Certainly the impositions of public law result in a personal liability on the owner and not just a charge on the property, but it is not invariably the case that when a minor comes under some personal liability in consequence of a legal transaction the transaction needs the approval of the statutory representative under §107, 108 BGB. This court indicated in its decision about the transfer of a dwelling that when one is considering whether a transaction is purely advantageous one must consider the purpose of §107 BGB and avoid construing it too rigidly. The principal purpose of §107 BGB is to protect the minor from the risk of dissipation of his estate., but since the economic effects of a transaction may in practice be very difficult to ascertain the code, in the interests of legal security, adopts the formal criterion of "legal disadvantage", which in the normal case does indeed indicate an economic risk. The codifiers having so decided, we cannot possibly substitute a test of economic advantage for their test of legal advantage, but we can properly hold that certain legal disadvantages, whose risk to the estate of the minor is typically trivial, should not fall under that provision. This is the case with of personal liabilities which attach to the minor by law and are limited in extent and economically so slight that it would be unjustifiable for the statutory representative or carer to refuse his approval. When the appropriate appraisal is clear in advance it would be pure formalism to make the validity of a transaction depend on such approval. No loss of legal certainty would ensue from a restrictive construction of §107 BGB in line with its purpose if a closed list were drawn up of clearly identified legal disadvantages, abstractly defined, which typically involve no risk to the minor¿s assets. One such legal disadvantage would be the liability of the minor to meet the recurrent impositions on landowners resulting from public law. Since these are limited in amount and can normally be met from the current produce of the land they typically involve no risk for the minor¿s assets. They are not such as would lead any statutory representative or curator with the minor¿s interests at heart to refuse his consent. This is sufficient justification for regarding them as not entailing any legal disadvantage.

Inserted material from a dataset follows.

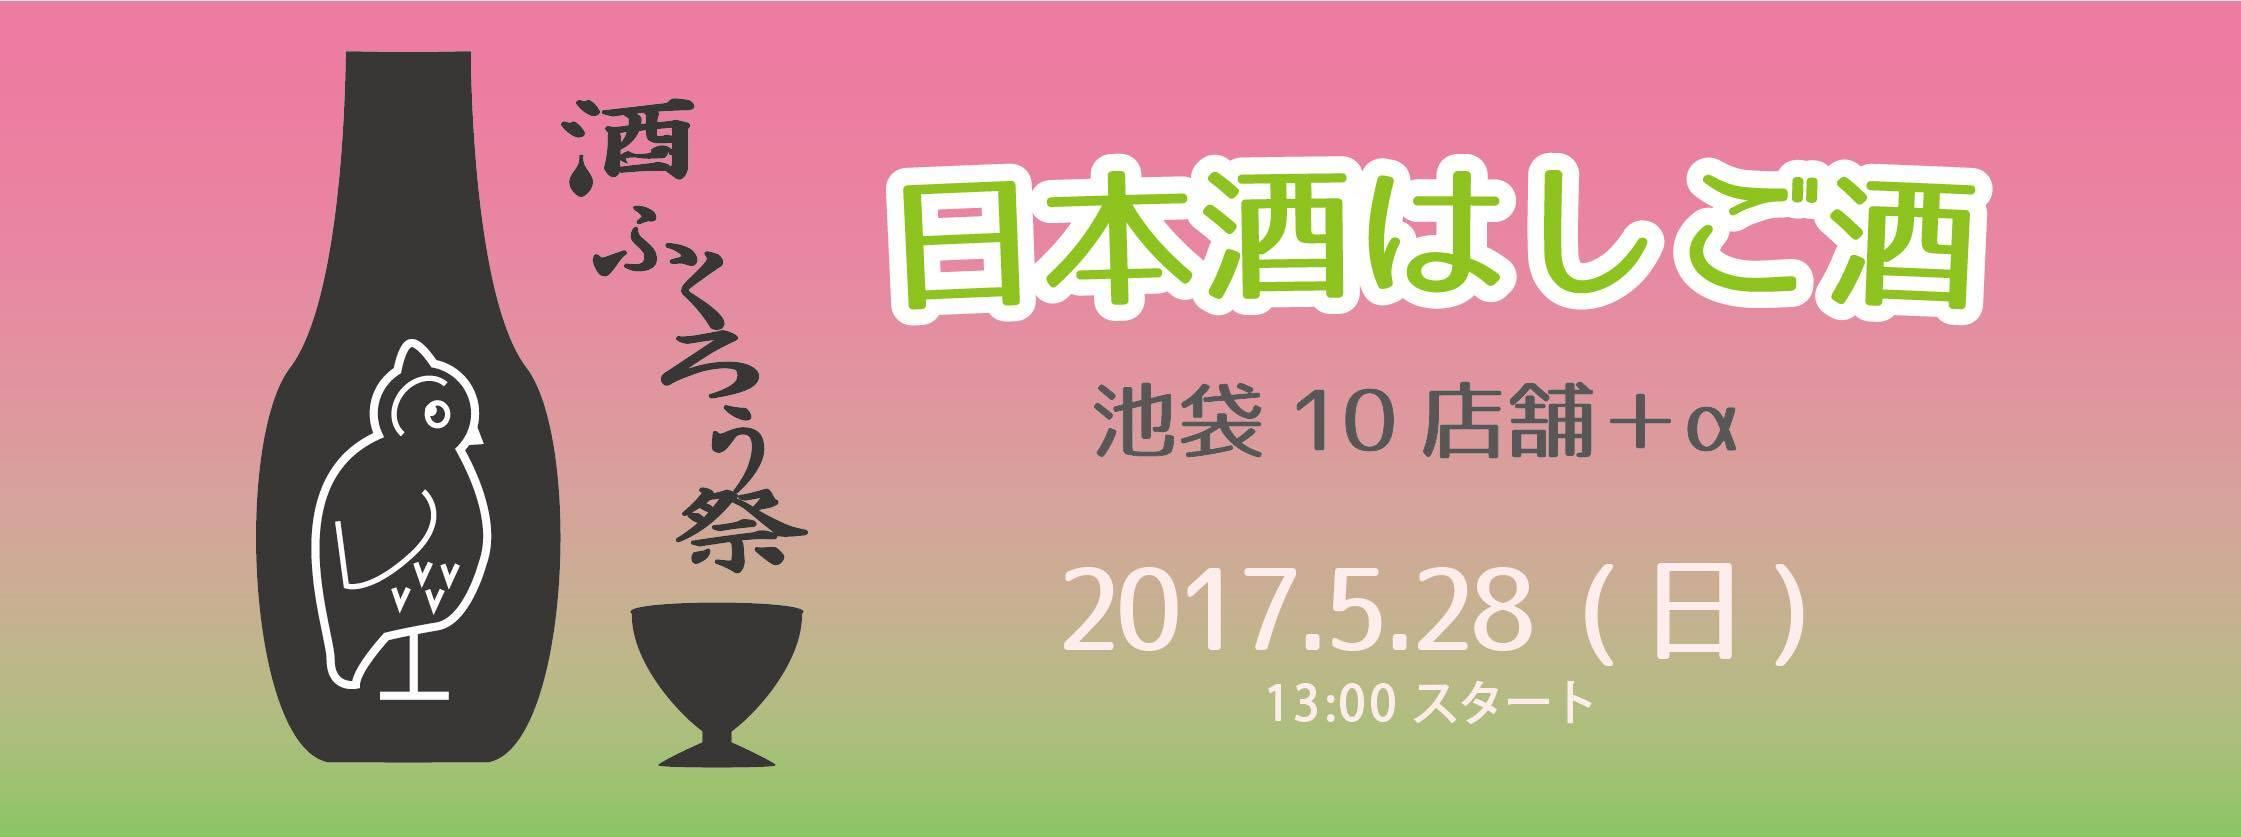 event-20170528-1.jpg

We need not decide in this case whether this applies to exceptional burdens on land, such as the obligation to contribute to local roadworks, since there is no reason to suppose that any such obligation will fall on the minor parties here. The mere possibility that in future they might incur a liability to make such contributions does not amount to a legal disadvantage.
2. It follows that the transfer agreed between the parties is valid without the approval of a statutory representative, a curator or the court.